National Organizer of the opposition National Democratic Congress (NDC), Joshua Akamba has said Akufo Addo easily surpasses Idi Amin in terms of intolerance.

Akamba exemplified his statement by saying it’s very worrying to note that the president never implemented the recommendations made by a fact-f inding committee following the violence that erupted in the West Ayawaso Wuogon in the build-up to the elections.

“President Akufo-Addo is going to leave a legacy of dictatorship. He is worst off than Idi Amin. Idi Amin was a military ruler, but we have a civilian rule in Ghana, and yet, what kind of human rights lawyer do we have as a leader?

We witnessed the Ayawaso West Wuogon saga, and yet the President failed to implement the recommendations.

In a modern democracy, if we have a leader preventing people from expressing their views; we have journalists killed, and if we have others sacked for expressing their views, then we can say he is worst off than Idi Amin and Sadam Hussein,” Akamba was quoted by rainbowradioonline.

Idi Amin Dada Oumee was a Ugandan military officer who served as the president of Uganda from 1971 to 1979. He is considered one of the most brutal despots in world history.

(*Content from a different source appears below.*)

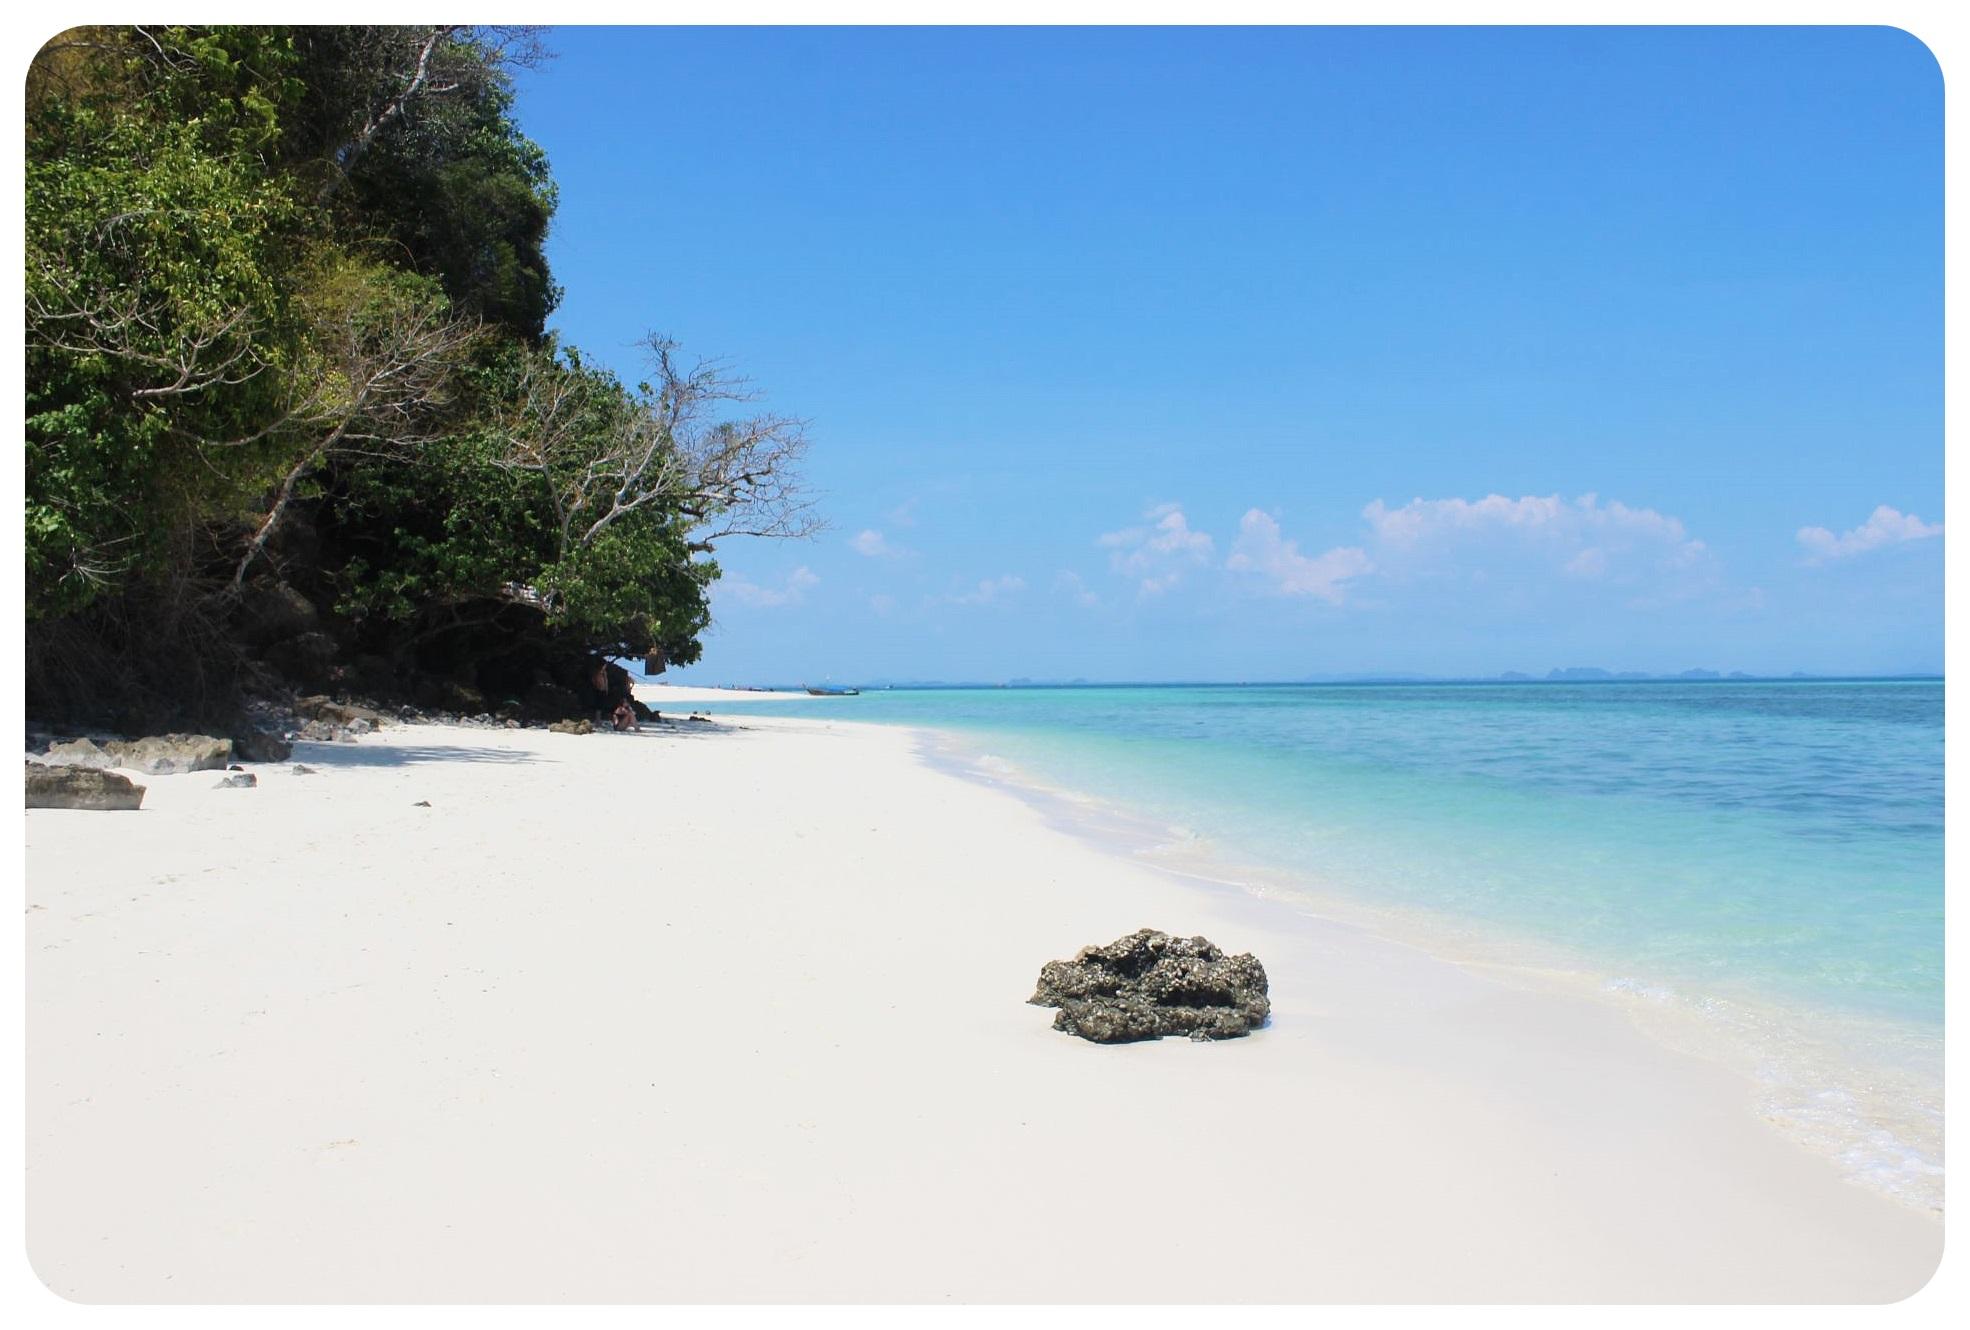 koh poda beach thailand

Amin was born in Koboko to a Kakwa father and Lugbara mother.

In 1946, he joined the King’s African Rifles (KAR) of the British Colonial Army as a cook. He rose to the rank of lieutenant, taking part in British actions against Somali rebels in the Shifta War and then the Mau Mau rebels in Kenya. Uganda gained independence from the United Kingdom in 1962, and Amin remained in the armed forces, rising to the position of major and being appointed commander of the Uganda Army in 1965.

He became aware that Ugandan President Milton Obote was planning to arrest him for misappropriating army funds, so he launched a military coup in 1971 and declared himself president. During his years in power, Amin shifted from being a pro-Western ruler enjoying considerable support from Israel to being backed by Libya’s Muammar Gaddafi, Zaire’s Mobutu Sese Seko, the Soviet Union, and East Germany.

In 1975, Amin became the chairman of the Organisation of African Unity (OAU), a Pan-Africanist group designed to promote solidarity among African states.

Uganda was a member of the United Nations Commission on Human Rights from 1977 to 1979. The UK broke diplomatic relations with Uganda in 1977, and Amin declared that he had defeated the British and added: “CBE” to his title for “Conqueror of the British Empire” (Wikipedia).